Nonetheless, this isn’t the first time the Palestinians have encountered such undeserved bigotry. In most aspects of life, Israel has continuously imposed institutionalised discrimination against Palestinians living under its rule. In fact, one of the most prominent pieces of legal discrimination is the fact that descendants of countless Palestinians who fled their homes during the 1948 war, currently have no legal rights to reclaim their families’ land. Israeli forces have also been known to employ excessively rough tactics during law enforcement activities against Palestinians and deny medical help for those who were injured afterward. At this juncture, it goes without saying that the day-to-day reality these citizens face is burdened with unjustifiable anguish and despair caused by hate crimes, but it shouldn't have to be.
Here are some measures we can take to overcome the incidence of hate crime:
Acknowledge, condemn, and speak up about hate crimes whenever and wherever they occur
Investigate hate crimes thoroughly and prosecute offenders to the full extent of law
Enact laws with enhanced penalties that expressly address hate crime
Monitor underreporting by victims and under recording by police to ensure accurate data is obtained for informed policy making decisions
In tackling the issue of police brutality, nobody is above the law — especially those who have a duty to uphold it. Here are some ideas on what can be done to effectively combat the problem:
Mandating the use of body-worn cameras to increase the accountability of the police and improve data-collection process for prosecution
Improve hiring practices by introducing personality assessments, de-escalation training, and implicit bias training which bring awareness to subconscious biases of police officers
Constantly monitoring the employment history, workplace performance, and mental health of law enforcement officials
Improve the prosecution of guilty officers by ensuring it’s fair and that they receive the appropriate penalties, without bias, and qualified immunity due to their position.
Malaysians can advocate for the Independent Police Complaints and Misconduct Commission (IPCMC) bill to be passed.
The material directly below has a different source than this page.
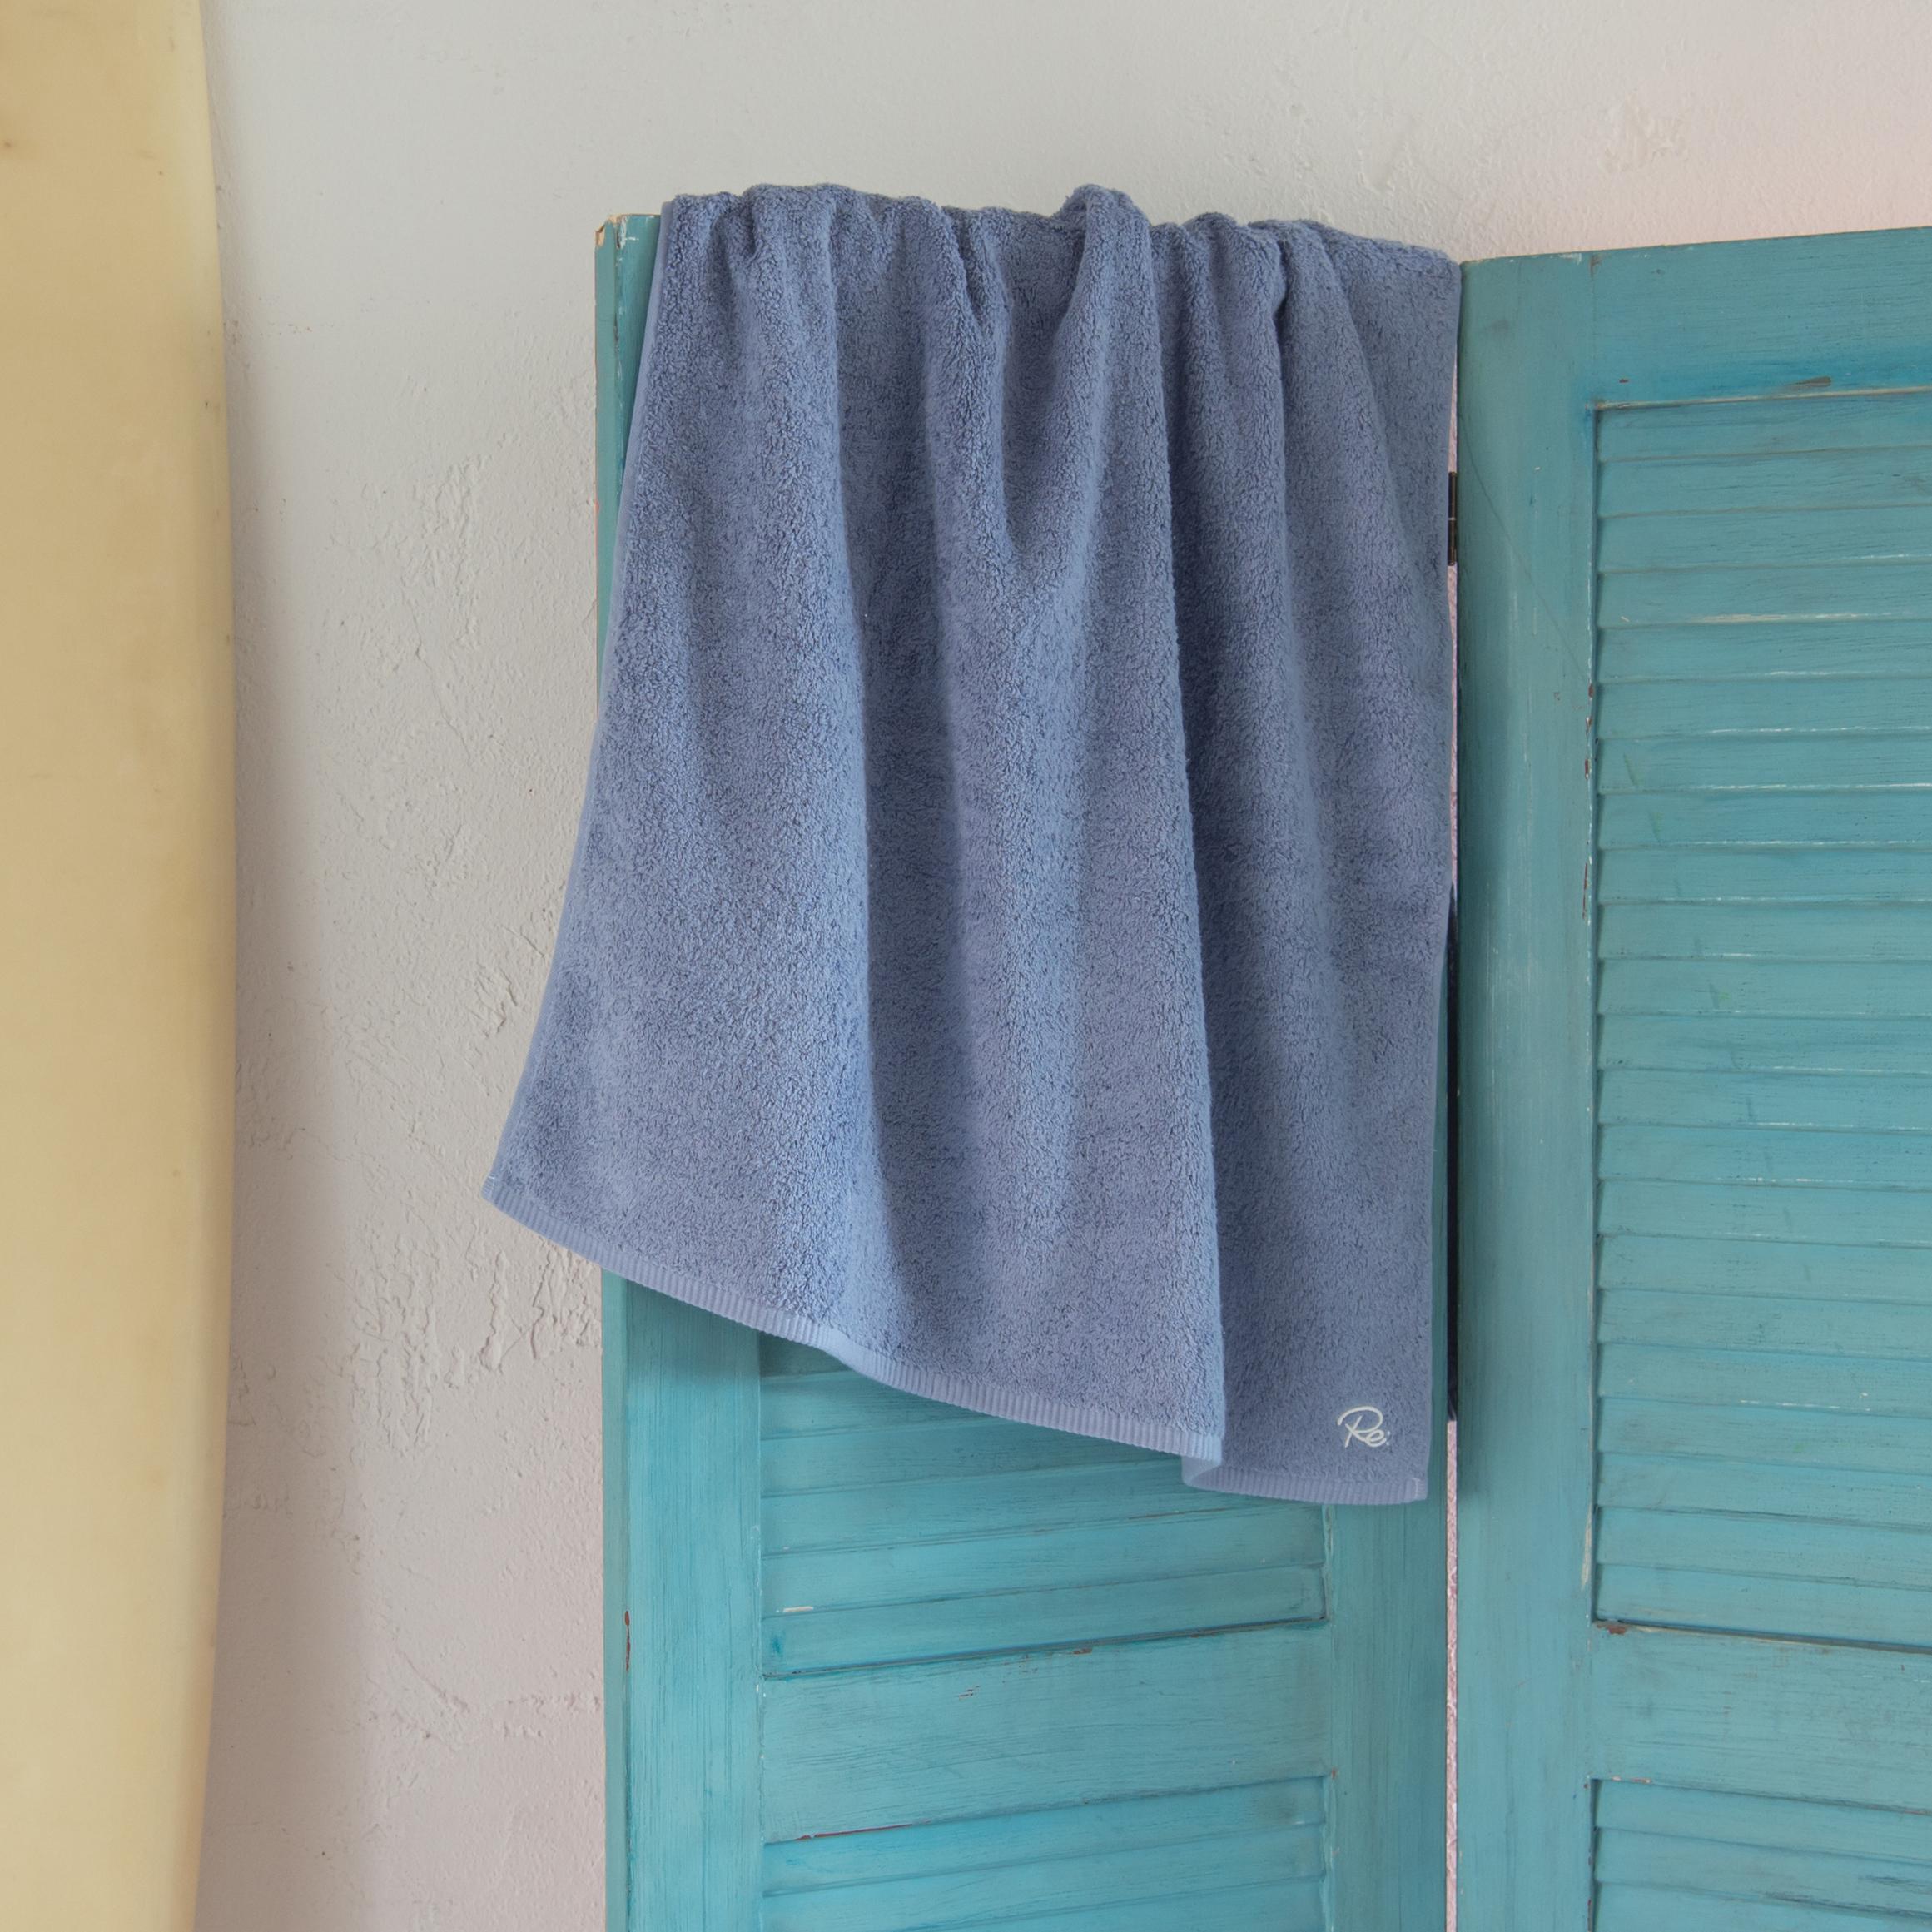 Re LOGO BATH TOWEL[REG010]

It’s aimed to form an agency that will essentially ‘police the police’. This committee will receive, investigate, and punish police officers in accordance with its mandate, making the police significantly more accountable in their actions.
Ultimately, achieving sustainable progress in overcoming the incidence of hate crime needs to begin with change within ourselves. Addressing and resolving our own prejudices, biases, and stereotypical views empowers us with the value of acceptance. When we are more accepting of ourselves and those around us, we become conscious of the fact that everyone in this world — no matter how different they may be from one’s own self — is significant and worthy of kindness and respect.
On that account, I truly hope that we all find it within ourselves to appreciate the immense beauty and strength that is found in diversity. To not let our differences divide us, but rather, act as a force that brings us together.